Vanaf de jaren zestig gaat het snel voor Bebel en de socialistische arbeidersbeweging. Al in 1864, na drie jaar, schopt Bebel het tot tweede voorzitter van de arbeidersgroepen in Leipzig. Nu vangt een cruciaal jaar periode aan voor de jonge houtbewerker. Terwijl hij een zitje krijgt in het uitvoerend bestuur van de VDAV gaat het schokkend nieuws rond dat Ferdinand Lassalle omgekomen is in een pistoolduel. In 1865 wordt Bebel in Leipzig eerste voorzitter en legt voor de eerste maal contact met Wilhelm Liebknecht, die uit Pruisen is verbannen.

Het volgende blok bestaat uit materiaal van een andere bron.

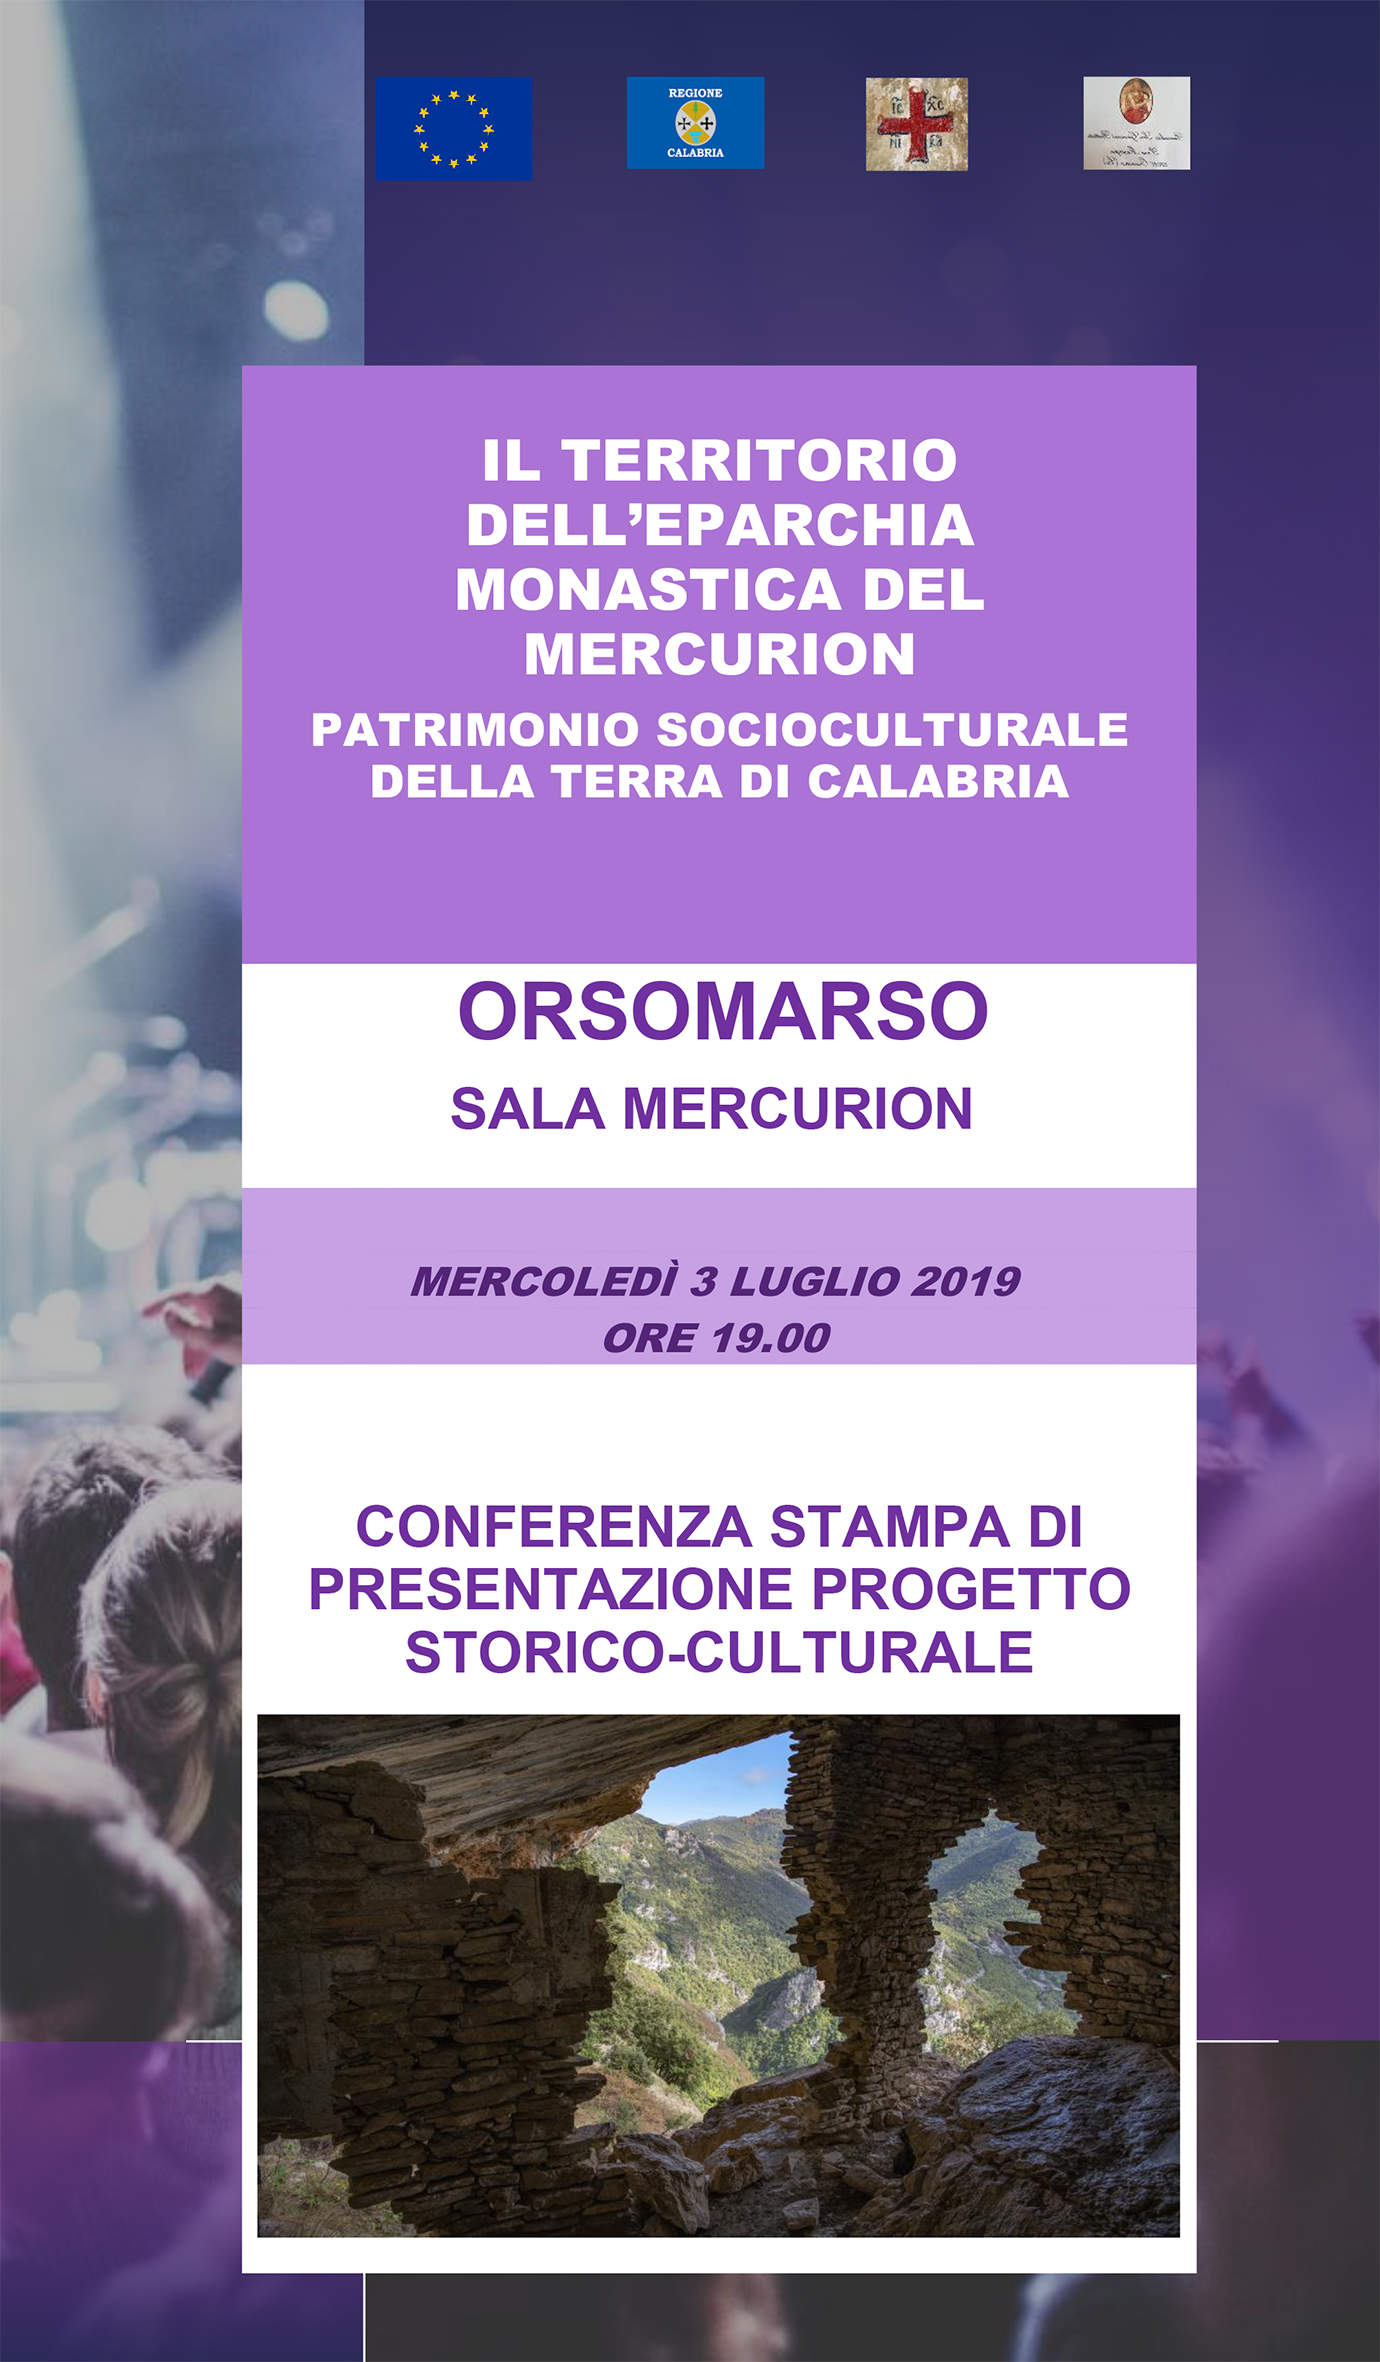 A Orsomarso parte un progetto di marketing territoriale per valorizzare il Mercurion, patrimonio socioculturale della Calabria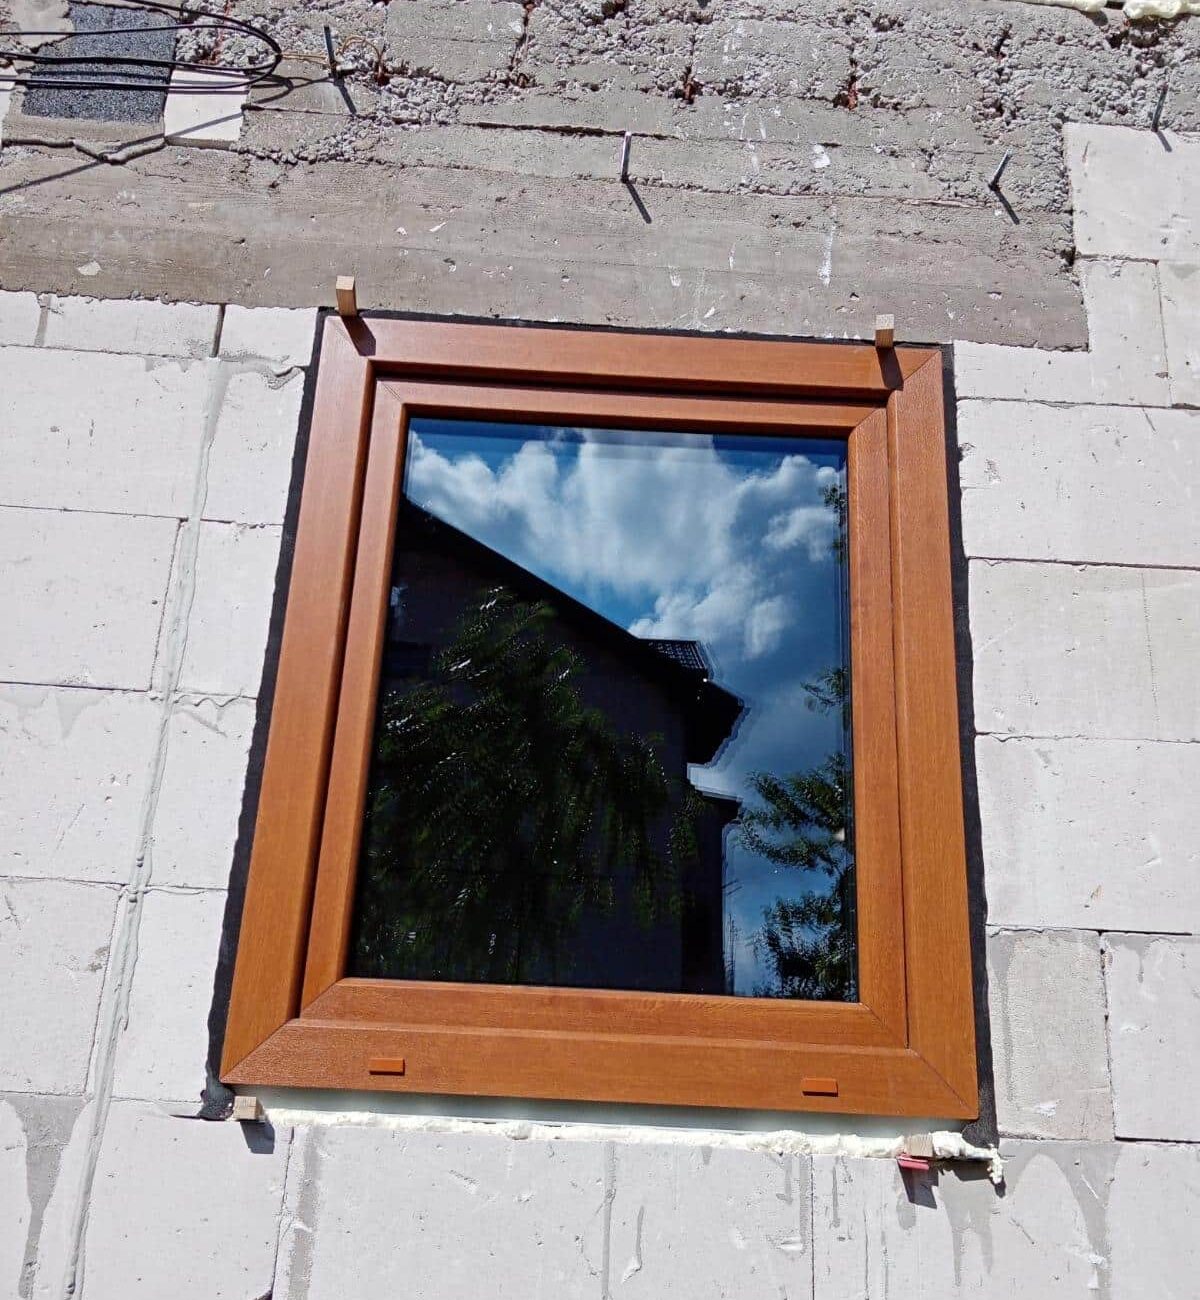 Okno 1-skrzdłowe z montażem na taśmę rozprężną - Zawiercie, montaż okien wykonała firma ONESTO

Onder invloed van Liebknecht zet hij in 1866 zijn schouders onder de oprichting van de Saksische Volkspartij, een links-liberale burgerlijk-democratische partij met een kleine schare socialistische arbeidersverenigingen achter zich. Liebknecht dringt er bij de Eerste Internationale ook op aan deze veelbelovende arbeider-leider lid te maken van de leiding van de Internationale. De nauwe samenwerking tussen beiden was het begin van wat zou bekend staan als de Bebel-Liebknecht-groep binnen de Duitse arbeidersbeweging, ofwel “de marxisten”.

In 1867 wordt de 27-jarige Bebel de eerste voorzitter van de Vereniging van Duitse arbeidersassociaties en wordt hij ook lid van het Noord-Duitse parlement of Reichstag. Zijn werkzaamheden als parlementair gebruikt hij om in een heel korte tijd de eerste onafhankelijke partij van Duitsland uit de grond te stampen. Samen met Liebknecht richt hij in 1869 in Eisenach de Sociaaldemocratische arbeiderspartij (SDAP) op. Bebel en Liebknecht streefden naar een onafhankelijke arbeiderspartij die niet enkel voor economische verworvenheden maar ook voor politieke macht zou vechten. En anders dan de overtuiging van Ferdinand Lassalle was er geen pact met de Pruisische elite mogelijk.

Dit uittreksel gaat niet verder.